In 1995, the first film based on the 2000 AD character Judge Dredd was unleashed onto movie goers, much like the black plague was unleashed onto Europe in the 14th century. To say that it was a complete train wreck would be insulting to train wrecks. The plot was a confusing mish-mash, the direction was bad, and even star Sylvester Stallone, who is actually a huge fan of the character, thought that it sucked. Judge Dredd spends half the movie without his helmet on, when his face has never been seen in the comics due to him supposed to be the personification of the faceless police state. The movie missed the point about as hard as it possibly could.
When it was announced they were making a new Judge Dredd movie, this time titled only Dredd, I was skeptical.
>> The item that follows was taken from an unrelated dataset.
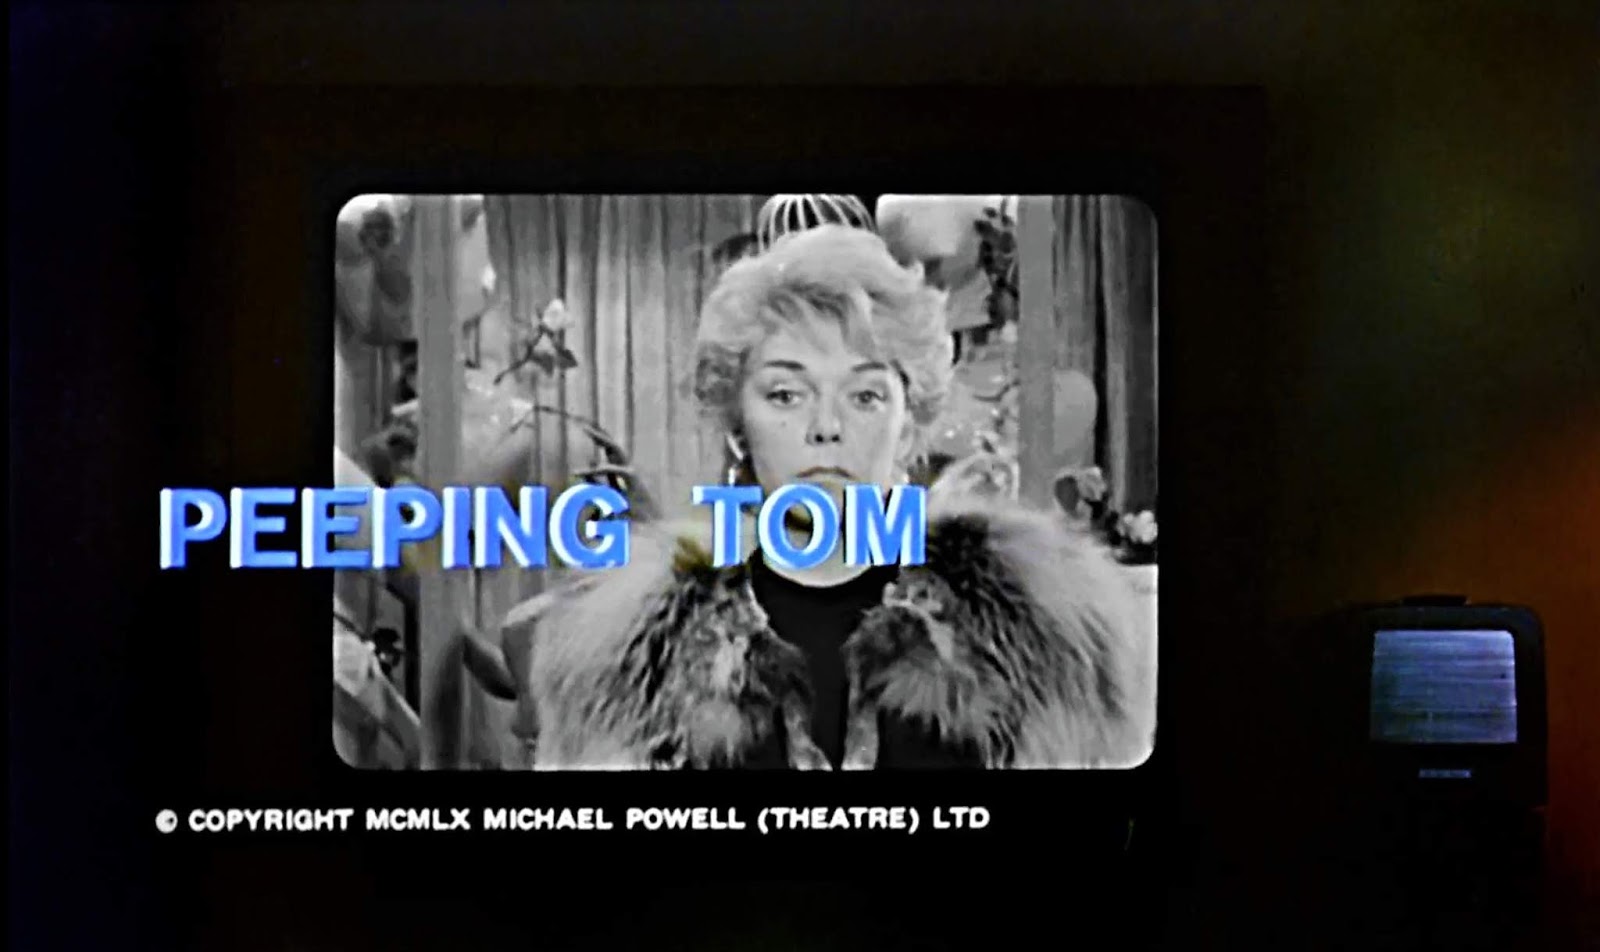 DREAMS ARE WHAT LE CINEMA IS FOR... PEEPING TOM 1960

Why should this new one be any better? But as information started to trickle out about it, my interest was piqued. Karl Urban, who is best known as playing Dr. McCoy in the 2010 Star Strek film, was cast as Dredd. They confirmed the helmet would never come off. At the very least, it at least looked like it "got" what the comics were about.
Then the first pictures of Urban in costume were released. I was... less than thrilled. The suit took on a more realistic, riot gear look, but the helmet remained the same. The problem with this is, with no shoulder pads to offset it, it makes the wearer look more like Judge Bobble-Hedd than Judge Dredd. The trailer, just released today, does not fill me with confidence either.
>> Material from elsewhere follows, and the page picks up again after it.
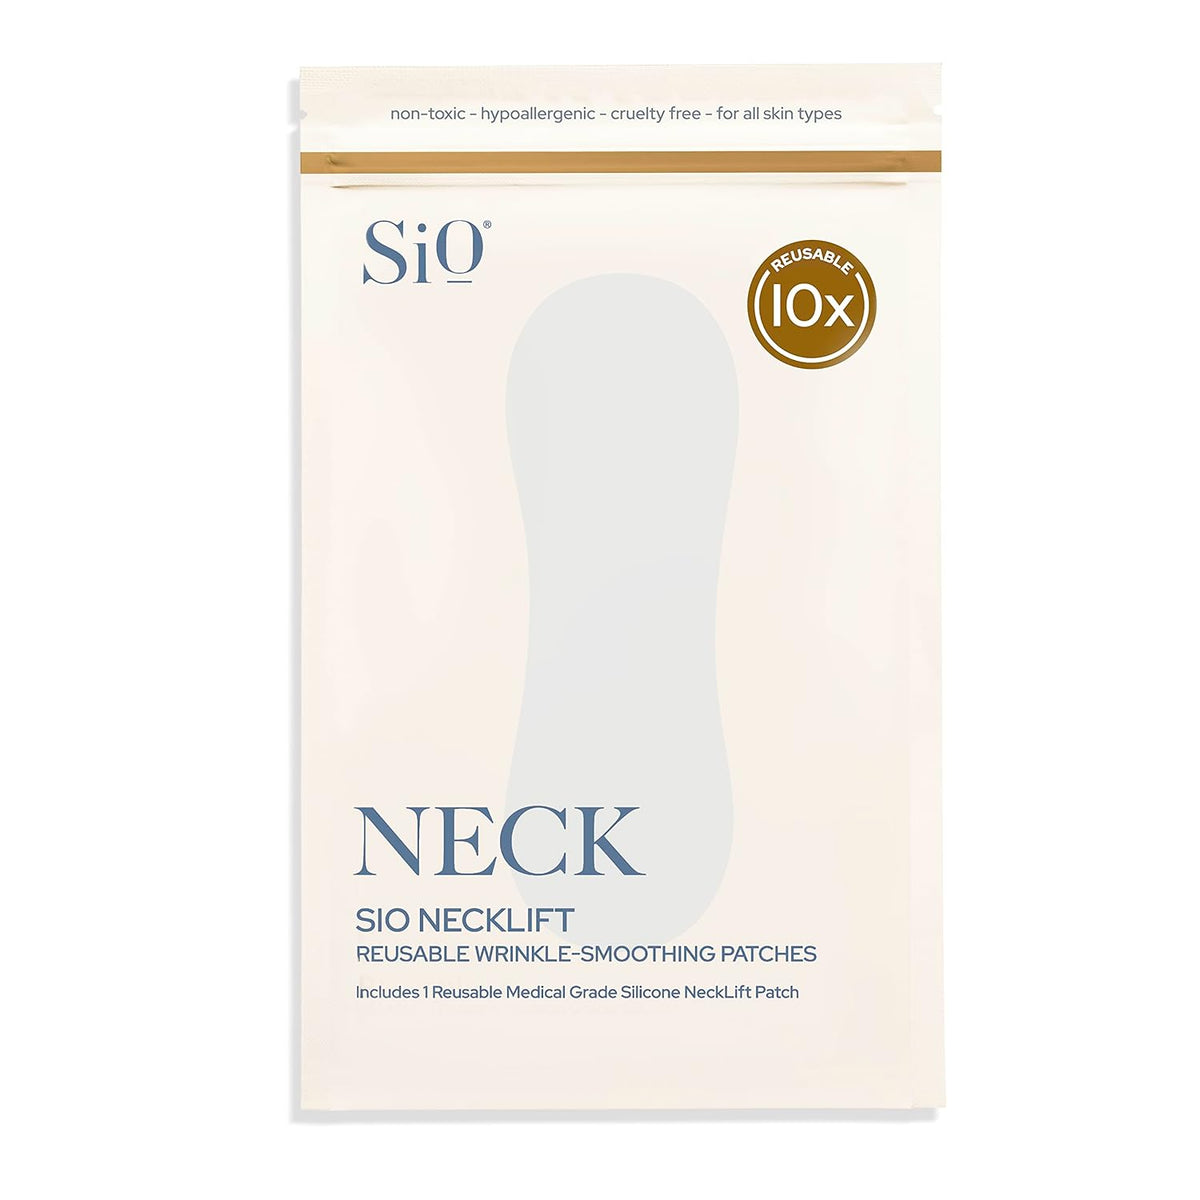 Neck Sio Necklift Reusable Wrinkle Smoothing Patches

The movie certainly looks more cohesive than the previous outting, but it also looks incredibly cheap. It seems to mostly take place in a single building, as Dredd and his rookie partner, Judge Anderson (Olivia Thirlby) working their way up level by level to take down drug dealing crime lord Madeline "Ma-Ma" Madrigal (Lena Headey). The drug she's dealing, slow mo, looks to be nothing more than a reason to have slow motion, Matrix-esque action scenes. The shots inside the building look like they just filmed them in the first run down warehouse they came across. The shots of Mega City One look different from the comics, but I do like it. It looks like a gritty, post-apocalyptic place that's terrible to live.
All in all, I don't think that the film looks bad. Just cheap. Really, really cheap. That doesn't surprise me, though, as the 1995 movie bombed, and bombed hard, so even producing this one is a risk. That being said, I still wish that they would have gone a bit higher budget than they seem to have here. The director, Pete Traviss, is also mostly unproven here, only having a few other films under his belt. I'll still be seeing, and reviewing, the film, but I'm going to be remaining skeptical about the quality of the film until then.
Dredd hits theaters September 21st, 2012.